As the waiting continues over the next week or so and I anticipate the imminent arrival of our new son or daughter, I find peace in knowing that God's timing is sovereign.  The waiting is NEVER without a purpose.  I can smile to every family member, friend and perfect stranger who stares at my giant belly and asks, "Still pregnant?"  Yes.  Yes, for now I still am. And, God, in His wisdom has chosen the exact moment that our family will welcome our newest member.  I will rest in knowing that,  just as we've waited for years now to meet this little life, the extra minutes I'm waiting on are purposeful and intentional even if I don't always understand "the why". 


Dear Someday Baby,

 We haven’t met yet but I’ve been dreaming of you for a long time. 
Two years, four months and four days to be exact.  The day your big brother was born I told your daddy that I couldn’t wait to meet you.  Some might laugh and tell me that I should have been enjoying myself in the moment, that I had my hands full enough. 
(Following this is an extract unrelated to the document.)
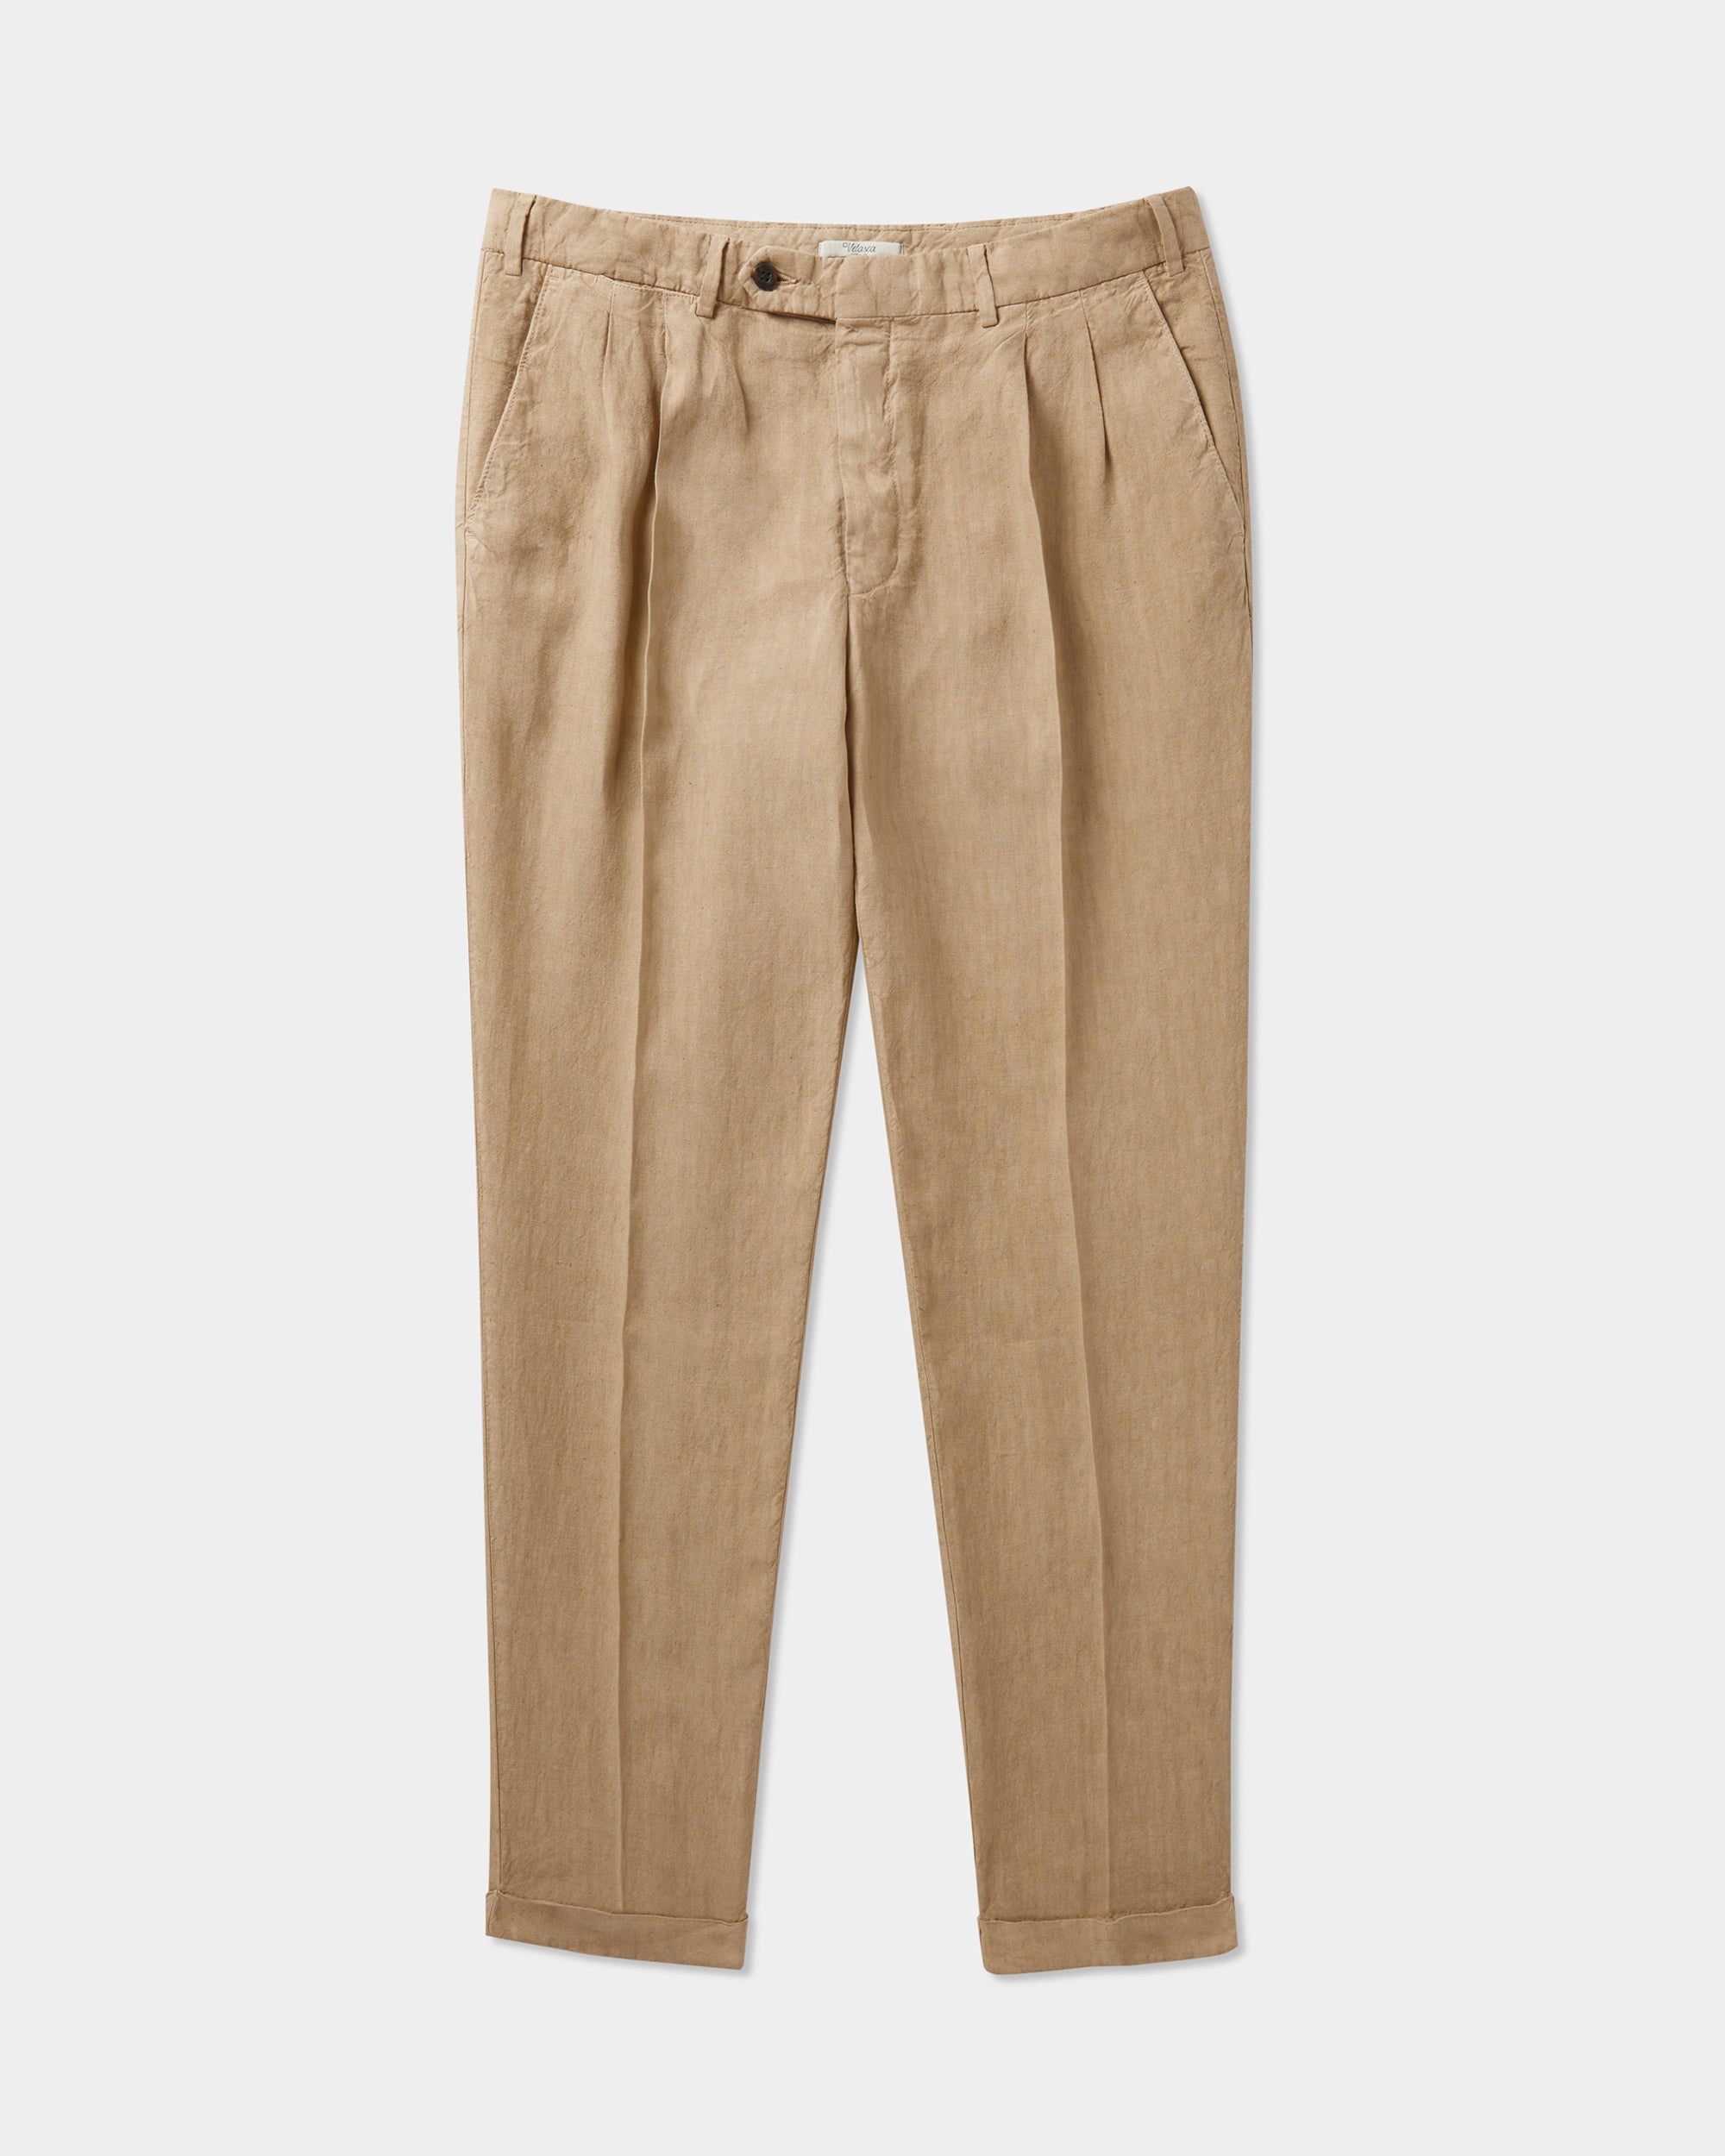 Pantaloni di lino per look very fresh questa estate 2020

But the truth is, even then I knewI knew that our little family wasn’t yet complete.  And every day since then I have thought of you, prayed for you, hoped for you.  When I watch your older sister and brother playing together in the sunlight of our living room, I ache for you because I know that there’s a heartbeat of our family still absent. 

When I find your sister reading to your brother, all snuggled together under the covers, I smile.  But behind that smile is a whole lot of yearning and wondering when you will finally be here with us. 
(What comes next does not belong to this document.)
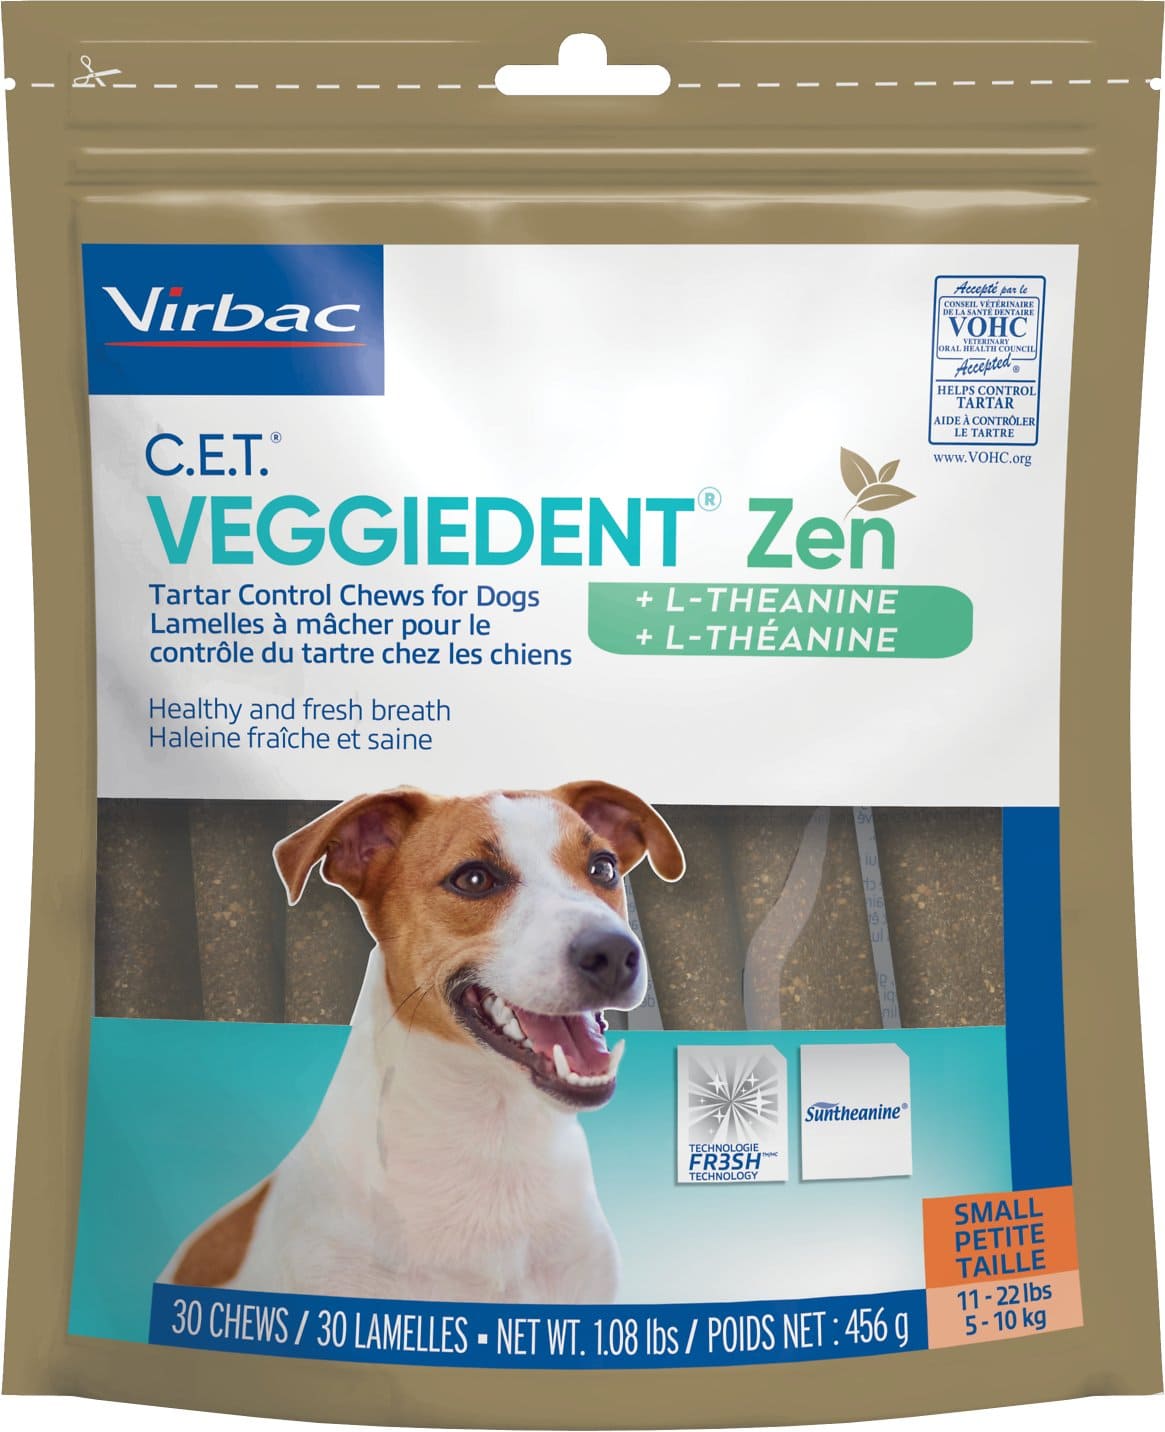 C.E.T. VeggieDent Zen + L-Theanine for small dogs 11-22 lbs 30 chews 1

I wonder when you will join in on our story times and giggle at all of Frog and Toad’s Adventures and sing along to all of our silly Pete the Cat songs. 

I envision hide and seek, where you are the third one piled high on wiggly laps while each of you giggle and fail in your attempts stay quiet from our bedroom closet.

I picture another pajama clad blondie to join us during our Christmas tradition of pizza and hot chocolate and driving around to, “Ooooh” and “Ahhhh” at all of the brightly lit homes.  I would welcome the extra set of sticky fingers and sleepy yawns just to have you here with us this year. 

I smile and (shudder) when I think of trying to wrangle another wiggly baby for family photos.

I wonder what you will look like.  If you will have the same blue eyes as your big sister and brother or maybe you’ll be the brown eyed baby to finally match your Aunt Kelsey. 

I look at our dining room table and I know deep down that one of the extra seats is being saved for you. 

I didn’t know back when I started to dream that it would take so long to meet you. And some days my sweet baby, it seems like it’s been an eternity. 

So we wait. 

We wait through long weekend trips to our favorite little mountain towns, through summer birthdays and Fourth of July fireworks and wedding celebrations. 

We wait through tears and broken hearts as we send another sweet baby to heaven. 

We wait as the summer heat begins to lessen and the autumn leaves begin to fall and spiral their whirlwind of eccentric colors.  As we anticipate the coming of the winter snow and as we start to plan holiday travel and February trips to Disney World. 

And through all of this waiting, deep down I’m praying that you’ll be our little secret soon to keep.

I know that God’s timing is good and perfect.  And I know that He is preparing me to be the very best momma for you.  But goodness, if I could speed up time, I sure would.

I love you my baby.  I can’t wait to meet you and hold you and share with you all of the secrets of my heart.  I can’t wait to sing Back To Pooh Corner and to dance with you in our little galley kitchen while we make up for lost time.